*** Opening of Material provided ***

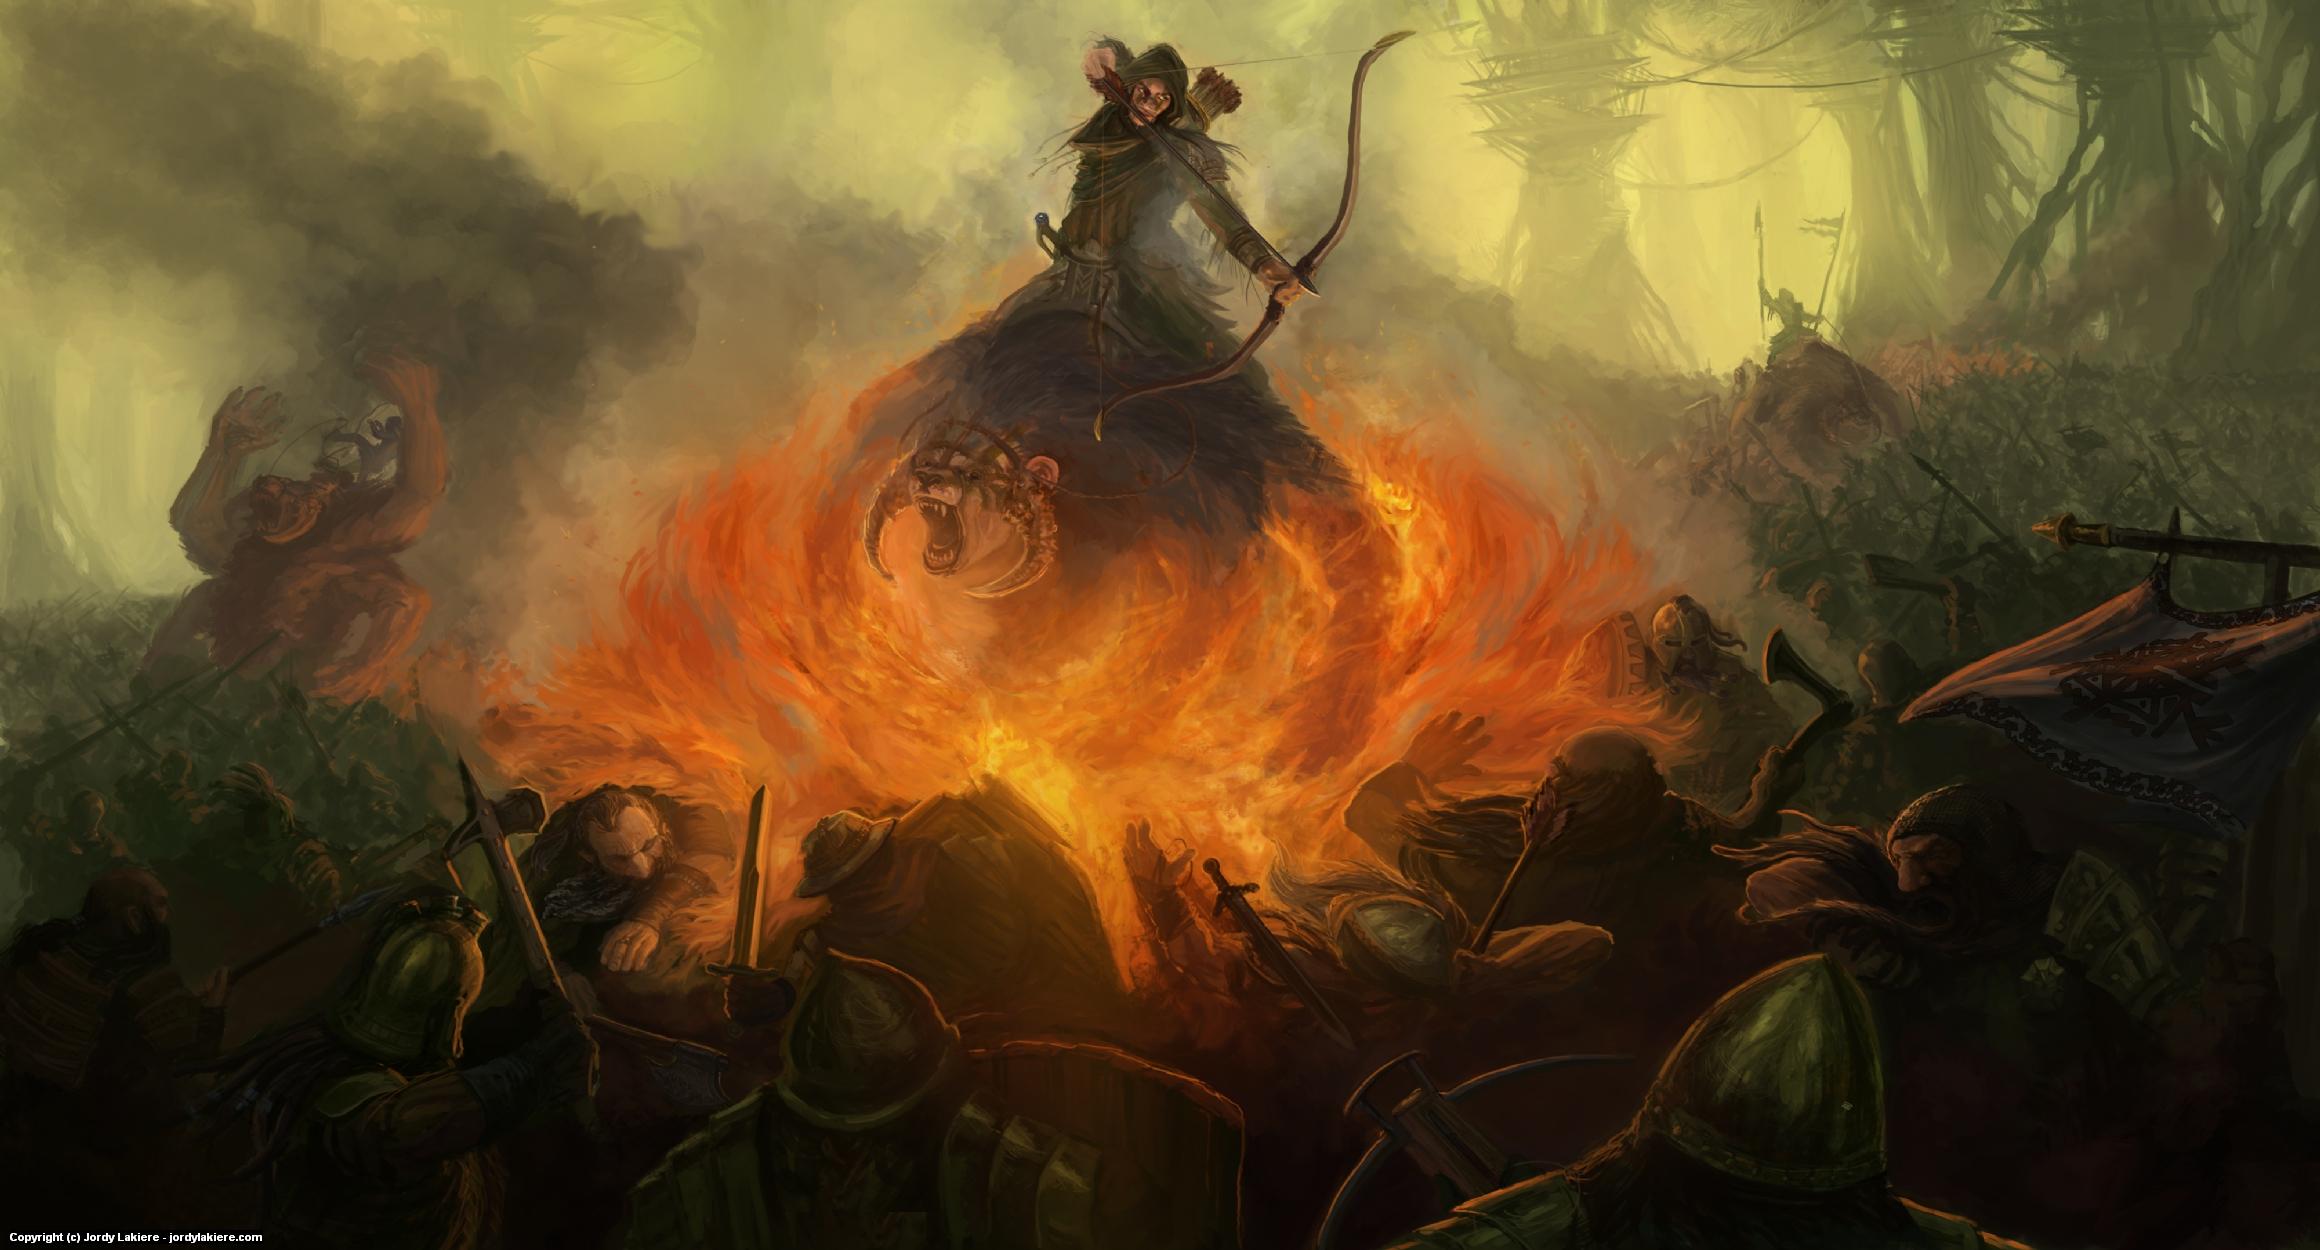 Battle at Monghadi Artwork by Jordy Lakiere
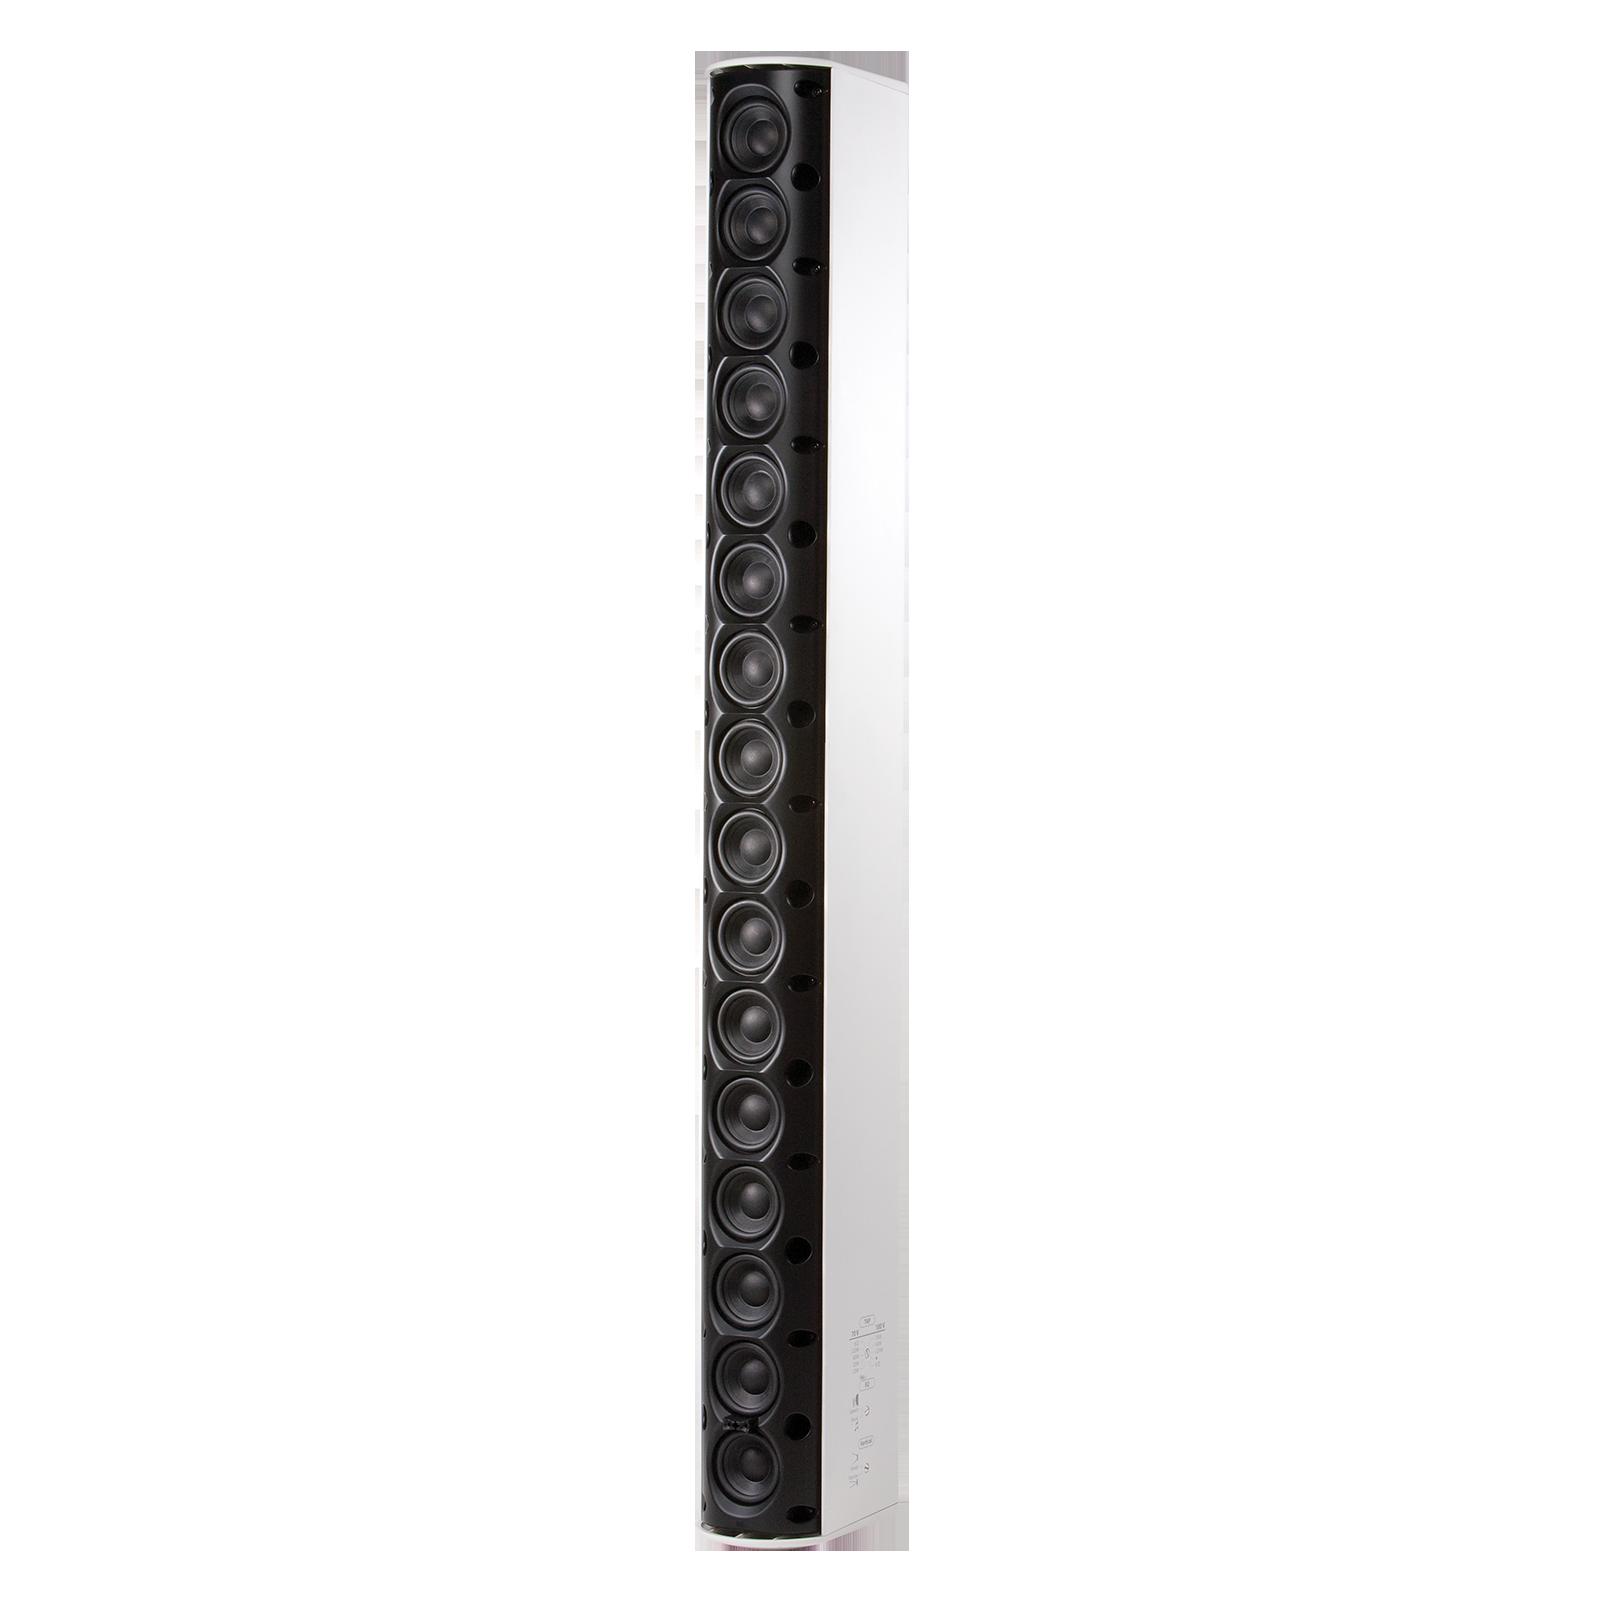 JBL CBT 100LA-1 - White - Constant Beamwidth Technology™ Line Array Column Loudspeaker - Detailshot 1
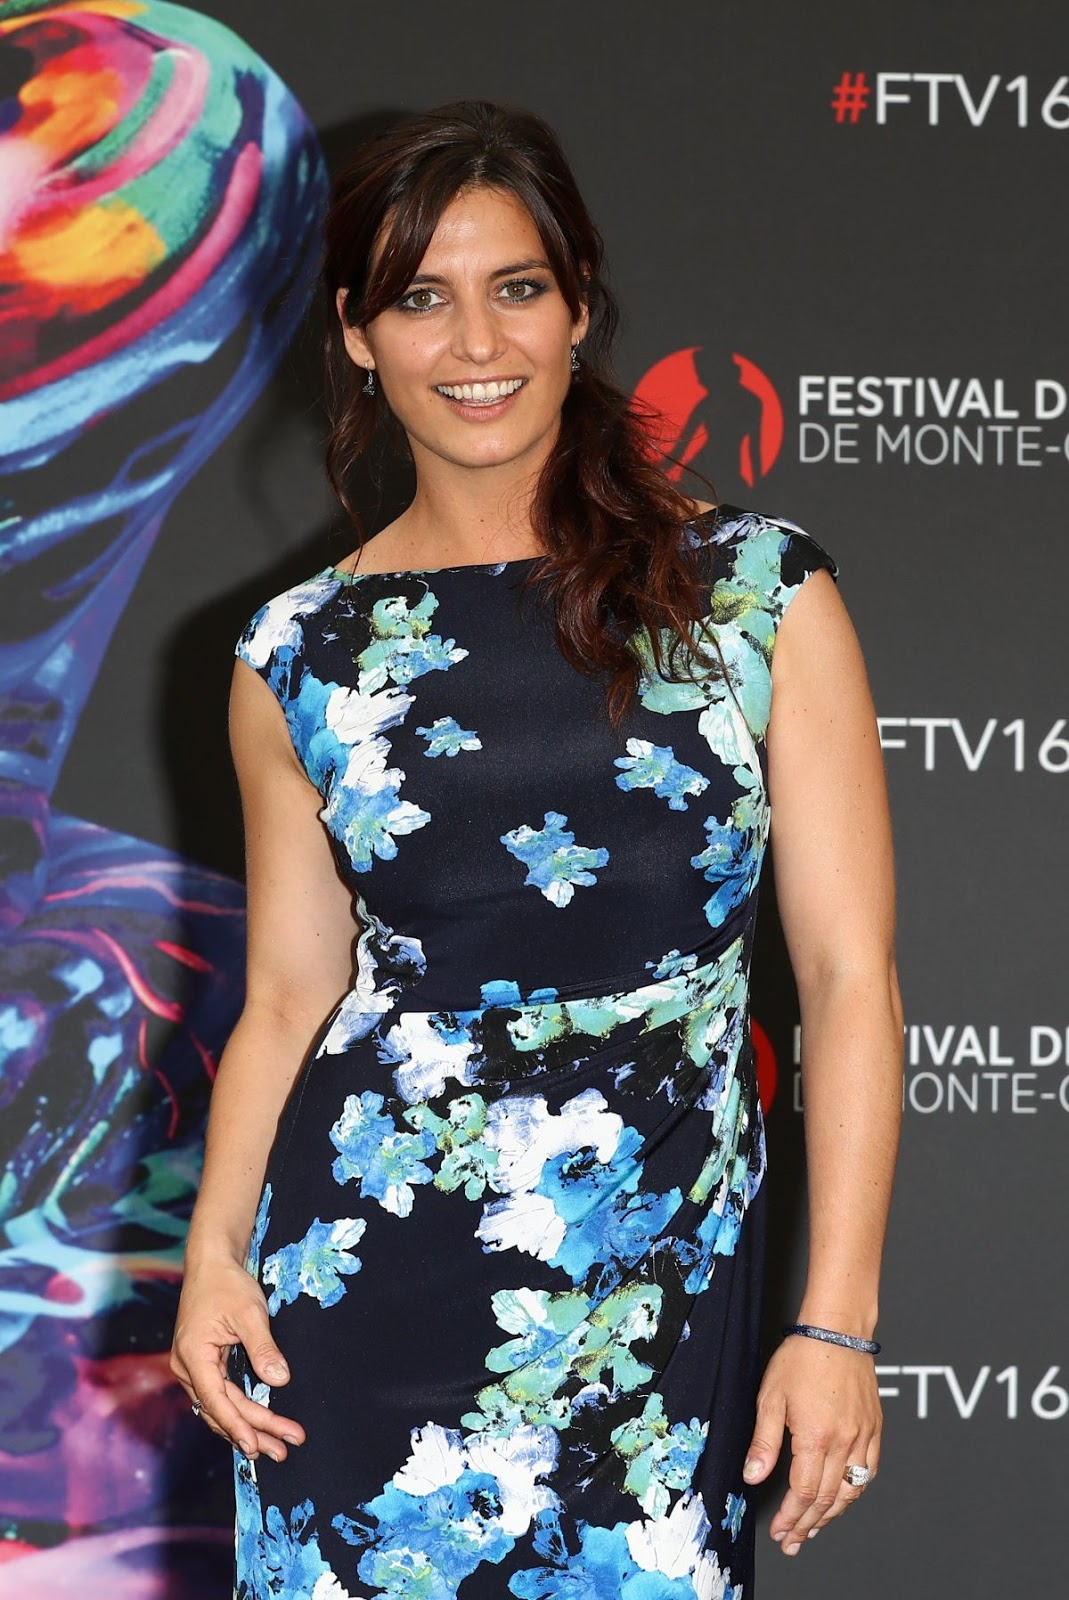 Laetitia Milot At La Vengeance Aux Yeux Clairs Photocall At 56tn Monte Carlo Television Festival

*** Close of Material provided ***

• [Exercise]
Set down the data again, exactly, without images.

• [Exercise solution]
 Battle at Monghadi Artwork by Jordy Lakiere
 JBL CBT 100LA-1 - White - Constant Beamwidth Technology™ Line Array Column Loudspeaker - Detailshot 1
 Laetitia Milot At La Vengeance Aux Yeux Clairs Photocall At 56tn Monte Carlo Television Festival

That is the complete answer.